Force-Sensing Resistor
A force-sensing resistor (FSR) is a sensor that measures applied force through changes in its electrical resistance, and Figure 3 shows a photo of an FSR with a round active area. The sensor is constructed using a conductive polymer layer situated between two substrate layers, with the outer layers often having conductive materials serving as electrodes.
When force is applied to the FSR, the conductive particles within the polymer come closer together, which causes a decrease in its resistance. However, it is important to note that this relationship is nonlinear; the resistance does not decrease proportionally with increased force.
Figure 3. Force-sensing resistor
One of the primary applications of FSRs is in scenarios where the relative change or simple detection of force is more vital than the precise force measurement, such as in touch controls.
Despite its low cost, thin profile, flexibility, and simplicity—highlighted by its two-lead design—the FSR comes with inherent disadvantages. It is known for its low accuracy, and its high resistance, especially under slight pressures, can lead to significant loading effects in circuits with lower input impedances. To address this, when integrating an FSR into circuits, it is often placed in a voltage divider configuration with a fixed resistor. The chosen value of this fixed resistor plays a crucial role in optimizing the sensor’s sensitivity and range for specific applications.

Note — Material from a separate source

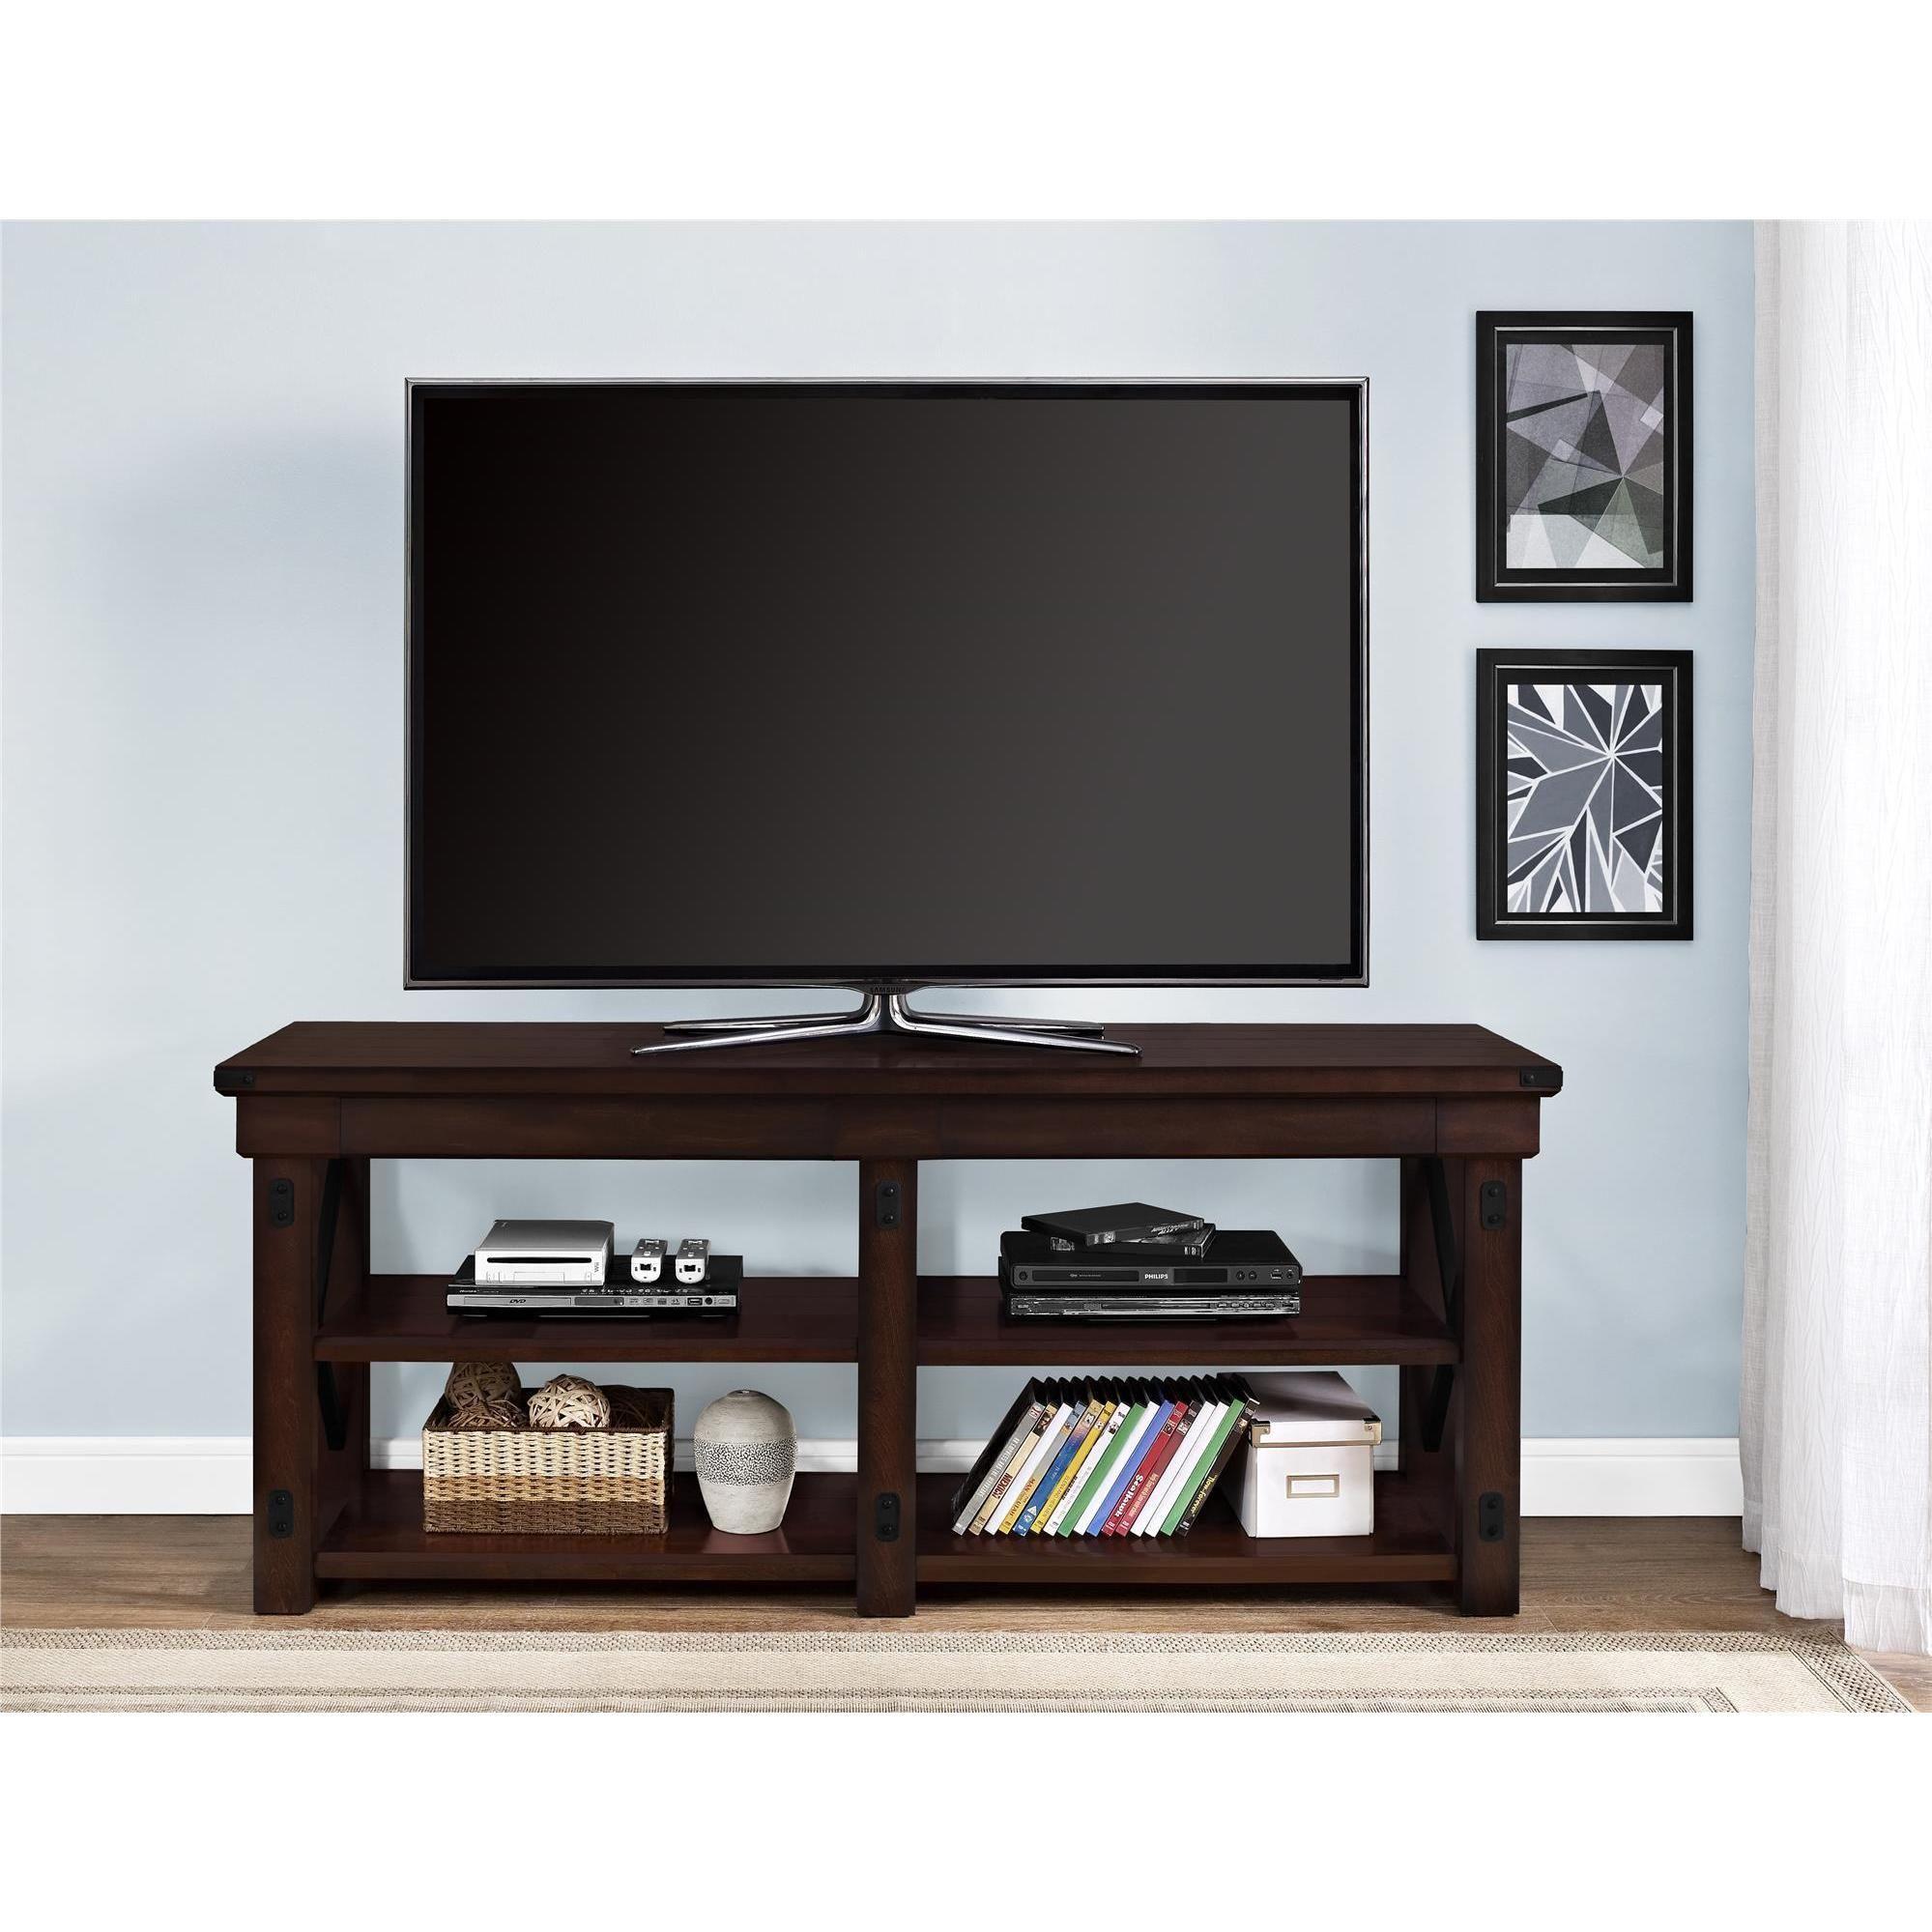 Altra Wildwood Mahogany Veneer 65 inch TV Stand 65 inch TV stand

Moreover, to mitigate loading effects, a voltage follower (or buffer) circuit can be employed. Example 1 discusses the use of an FSR and its wiring to minimize loading effects. It is also worth noting that besides the low accuracy and potential loading effects, FSRs can exhibit hysteresis and might face durability concerns in high-cycle applications.
Example 1 Wiring of an FSR Sensor
Illustrate how a typical FSR sensor can be wired to minimize loading effects.
Solution
A typical FSR wiring to minimize loading effects is depicted in Figure 4. An FSR is typically connected with one end to a voltage supply, Vin , and the other end to a pull-down resistor, R, grounded to create a voltage-dividing circuit.
The voltage output taken from the point between the fixed pull-down resistor and the FSR serves as the FSR’s output.
The value of R usually lies between 10 and 100 kV. It is adjusted to fine-tune the sensitivity and range of the force sensor readings. Increasing the reference resistance R makes the sensor more sensitive (i.e., small changes in force result in larger voltage changes), but the downside is that the sensor can become saturated or maxed out at lower forces, hence reducing the overall force range over which the sensor can distinguish different force levels.
The output from the voltage dividing circuit is subsequently passed to a voltage follower or buffer. This buffer offers a high input impedance to the FSR and a low output impedance to the following circuitry, ensuring precise voltage reading values.
Figure 4. FSR wiring to minimize loading effects
Torque Sensors
Measurement of torque is done using two different configurations of sensors. These are the reaction torque sensors and the rotating torque sensors. Both configurations are based on the use of strain gauges that are mounted on elastic members. The elastic element in both configurations of torque sensors could be a solid or hollow circular shaft, a solid or hollow cruciform, or a solid square shaft (see Figure 5).
Hollow cruciform is typically used for low-torque measurement applications, while solid circular and square shafts are used for high-torque applications.
Figure 5. Schematic of different elastic elements used in torque sensors
The reaction torque sensor is used to measure torque in non-rotating applications. In this configuration, the sensor is stationary, and the shaft of the part of which the torque needs to be measured is connected through a coupling to the sensor. Reaction torque sensors are used, for example, to measure the motor torque output at zero speed or the starting torque. Other applications include bearing friction measurement and automotive brake torque sensing.
The rotary torque sensor on the other hand is used to measure torque between rotating devices. The sensor is typically mounted in-line between the torque source and the load. Typical applications for rotary torque sensors include engine dynamometer testing, fan and blower testing, and clutch testing.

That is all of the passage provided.